Want to buy or sell a home in Canada? Here’s what the real estate picture looks like now

The Canadian real estate market is slowly coming out of a brazen attack by an invisible virus, with real estate activity picking up in many regions across Canada. Canada’s real estate community lost a colossal business opportunity from its red-hot spring real estate market just before the pandemic landed on its shores.

When the pandemic was announced in Canada, real estate activity plummeted drastically as social distancing etiquettes were enforced, open houses cancelled, and fewer listings were available. A pall of gloom hung upon real estate agents as their hope of making a good buck were dashed into pieces.

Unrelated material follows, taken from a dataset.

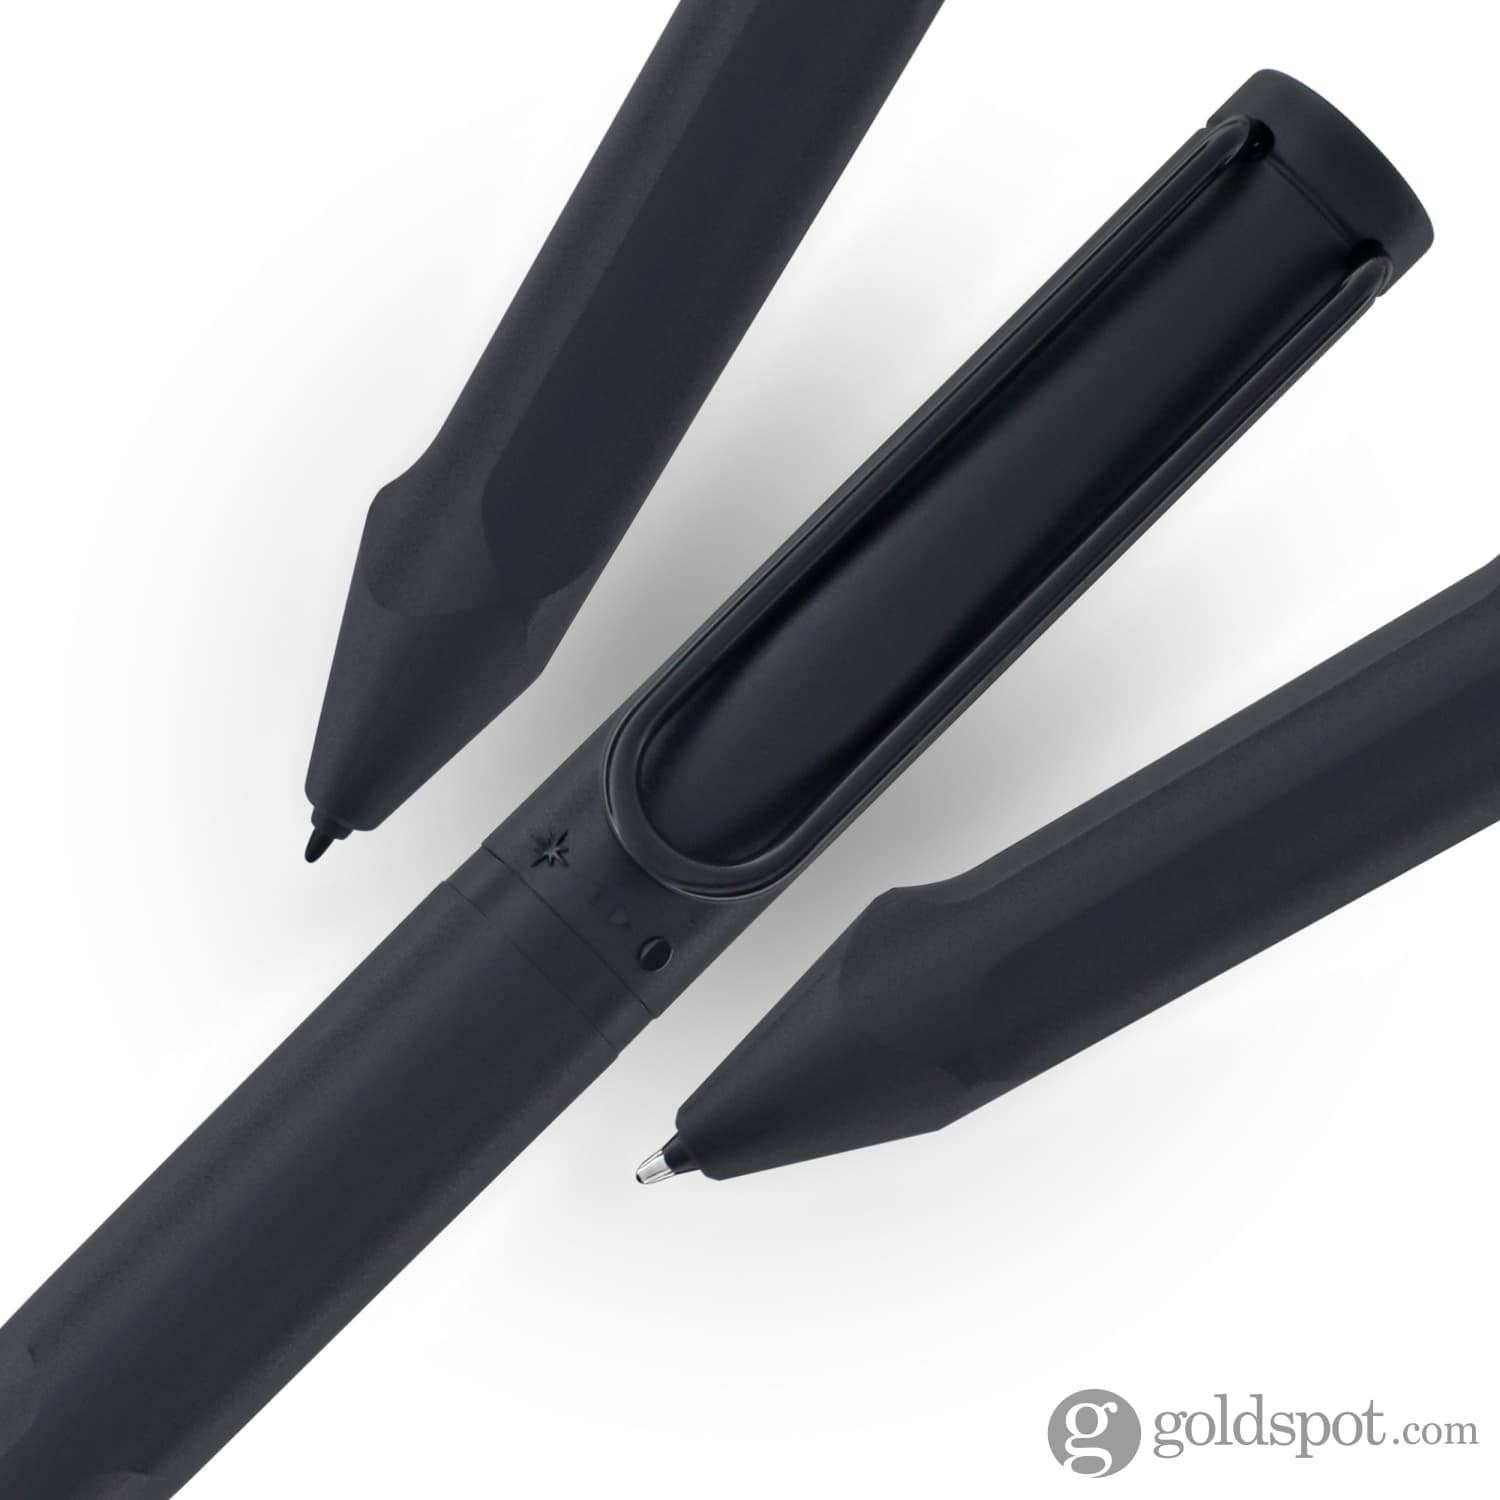 Lamy Safari EMR Twinpen Digital Writing Ballpoint Pen in All Black

Three months on, Canada’s real estate market is stable-sales and listings have doubled, open houses are on a roll with strict safety precautions, and prices of real estate properties have stabled. Bidding wars have started, through consumer sentiments haven’t peaked to a healthy level.

According to the Canada Mortgage and Housing Corporation (CMHC), real estate prices can fall between 9-18% this year, depending on demand and supply levels. And prices may not revert back to normal even by the end of 2022.

Though many buyers and sellers are dilly-dallying over whether they will step into the real estate market or not, markets in Toronto, Vancouver, Ottawa and Hamilton-Burlington have heated up. Fierce competitions for homes are raging on between buyers. In Edmonton and Fraser Valley however, buyers were at an advantage than sellers.

In this scenario, if you are looking to buy a home or put your house on the market, then you must know that the processes are completely different now. From digital walkthroughs and virtual tours to digital signatures and mortgage approvals, the home transaction process has worn a new garb.

Let’s have a lowdown on what the real estate market looks like these days.

The real estate market favours sellers: Canada witnessed a drop in properties listed for sale in the initial weeks of the pandemic. People were panic-stricken about people entering their homes to have a tour. As a result, properties vanished off listing platforms.

However, now prices have become steady despite sales falling significantly. In some places, prices have shown significant improvement and properties are selling like hotcakes. With restrictions loosening off, real estate activity has peaked. This has resulted in an uptick of listing on the market as city dwellers are looking for spacious homes owing to low-interest rates.

Virtual showings and strict protocols to stay: The scars of the pandemic are far from over. Open houses are still banned in many parts of Canada like Quebec and Ontario while others are following strict safety protocols.

Reliance on technology is ruling the roost as homebuyers are preferring virtual tours and digital transactions while shopping for homes. For adamant buyers, realtors are asking to sign a declaration of their health status and asking them to wear masks and gloves. Homes are also sanitized, and visitors are asked not to touch anything inside the property.

Covid clauses in purchase agreements: Homebuyers worried about losing a job or getting sick are asking to include COVID clauses in their purchase agreements. While this doesn’t affect the deal, the clauses come with different policies. For some buyers, the policies include a deep cleaning of the house by a reputed company before taking possession of the house.

Low mortgage rates favour buyers: The exceptionally low rates are a major draw for buyers looking to purchase a larger, recreational home. As far as mortgages are concerned, five-year, fixed-rate mortgages remain the most popular product choice in the market right now. The mortgage process has become digital and so is getting done more quickly than it was in the pre-covid era. Prospective homebuyers whose income have been affected by the pandemic can consult mortgage experts to work out a suitable mortgage option.